Open since 1957 in the Hill neighborhood of St. Louis, Rigazzi’s looks like a movie set, replete with red and white checkered tablecloths, hanging stained glass and globe chandeliers over each table, and every square inch of wall space covered in newspaper articles, sports memorabilia and celebrity pictures.  I even sat next to a giant, fiberglass Al Capone.  
We ate lunch here one day before Christmas and found it extremely quiet, though I know it is bustling in the evening.  Service was lightning fast, so fast in fact that I am sure much was prepared and waiting for us.  The first dish was a St. Louis standard – toasted ravioli.  Rigazzi’s version of this local classic is one of the better.  The breading was minimal and most of the flavor came from the actual ravioli.  They were relatively small and completely full with a meat mixture.  The marinara sauce it was served with was pretty good, not too sweet and with a little meat.  This was accompanied by a salad that was predominately white with iceberg lettuce.  Nuff said.
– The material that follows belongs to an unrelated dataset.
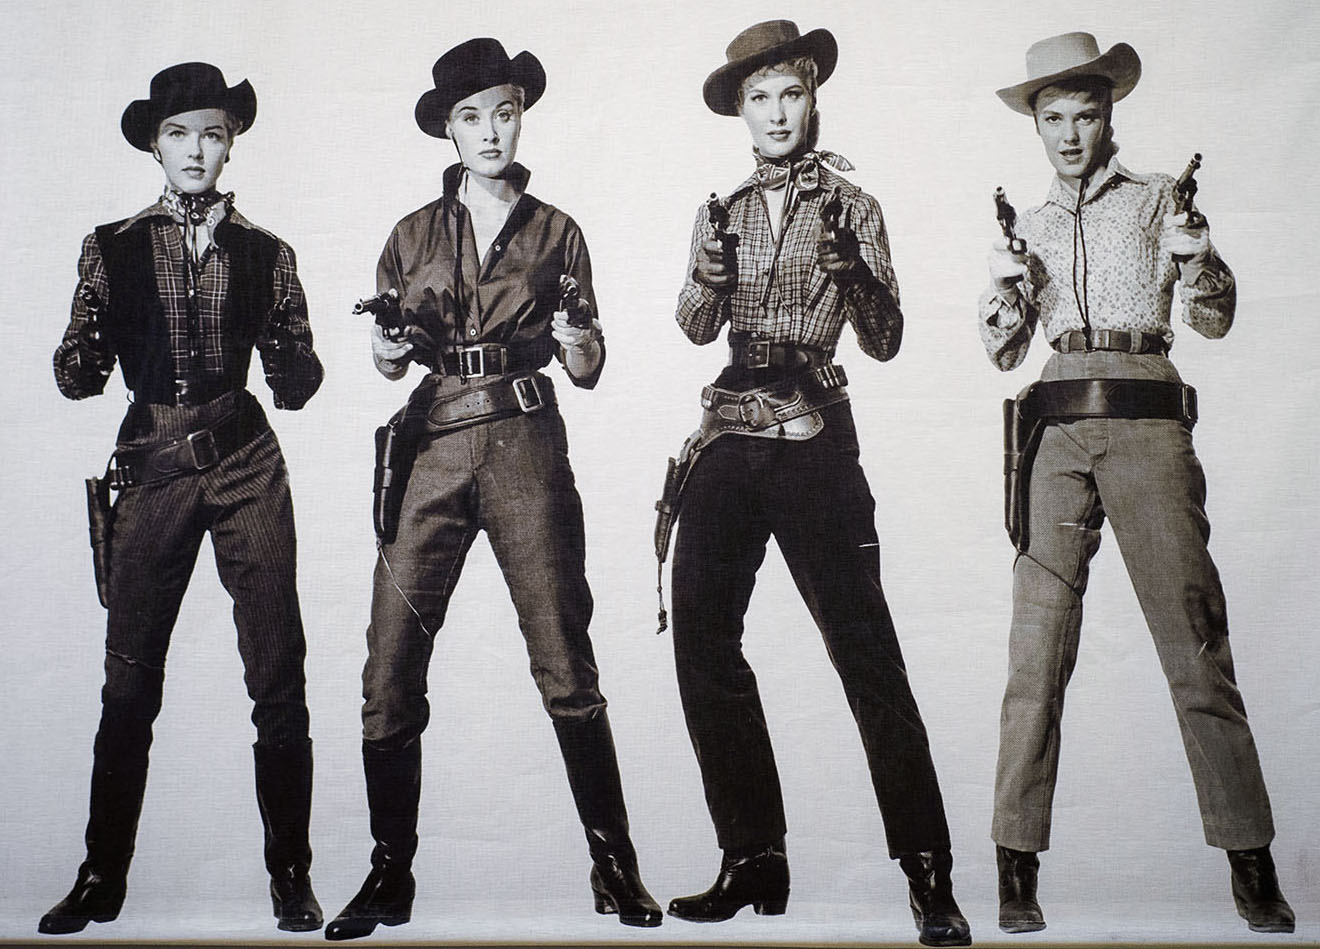 A black and white group of cowgirls standing with guns drawn toward the camera

Our entrees were simple - spaghetti and meatballs and a deep fried piece of catfish with a side of another St. Louis standard – mostaccioli.  The catfish was the size of a plate, battered with cornmeal and was quite good.  The spaghetti and meatballs were completely over-sauced (see stereotype) but delicious.  The meatballs were smooth, soft and fine with the mildest of herbs and spices.  The great quantity of sauce was mild, containing small pieces of meat, and not at all overly sweet.  In fact, I was pleasantly surprised by the sauce.  I just wish there weren’t so much of it.  Though it did give me an excuse to consume most of the rather weak baguette we were served.  Now the mostaccioli… to most of the world mostaccioli is a pasta shape  – tubular, smooth and about 2 inches long.  In St. Louis it is a specific dish – mostaccioli sauced by a heavy, tomato paste-dominated sauce and baked.  It is the butt of jokes by non-St. Louisans and more than one person has commented that you know you are from St. Louis if your wedding featured the dish (along with toasted ravioli).  Rigazzi’s version was a pleasant surprise.  The sauce appeared to be the same meat sauce as the spaghetti and meatballs and the toasted ravioli’s dipping sauce.  It was not a goopy, sweat mess, but a respectable sauce resembling a simple bolognese.  Nor was Rigazzi’s version baked.  Most interesting, it didn’t even feature mostaccioli, but instead used penne rigate, mostaccioli’s ridged cousin.  This shape held the sauce much better than the traditional version would.              

For dessert we shared a Black and White – vanilla and chocolate hazelnut gelatos.  The serving was just right to share.  While the vanilla was lacking, the baccio, chocolate hazelnut was flavorful, but light as chocolates go.   

Rigazzi’s proved a casual, quiet lunch spot with dependable if not spectacular food.  And their versions of St. Louis standards are actually better than most I have had.  Service was kind, helpful but rushed, but prices were excellent, as lunch barely topped $30.  If you are new to St. Louis or just visiting, Rigazzi’s will be a good introduction to a few required local favorites.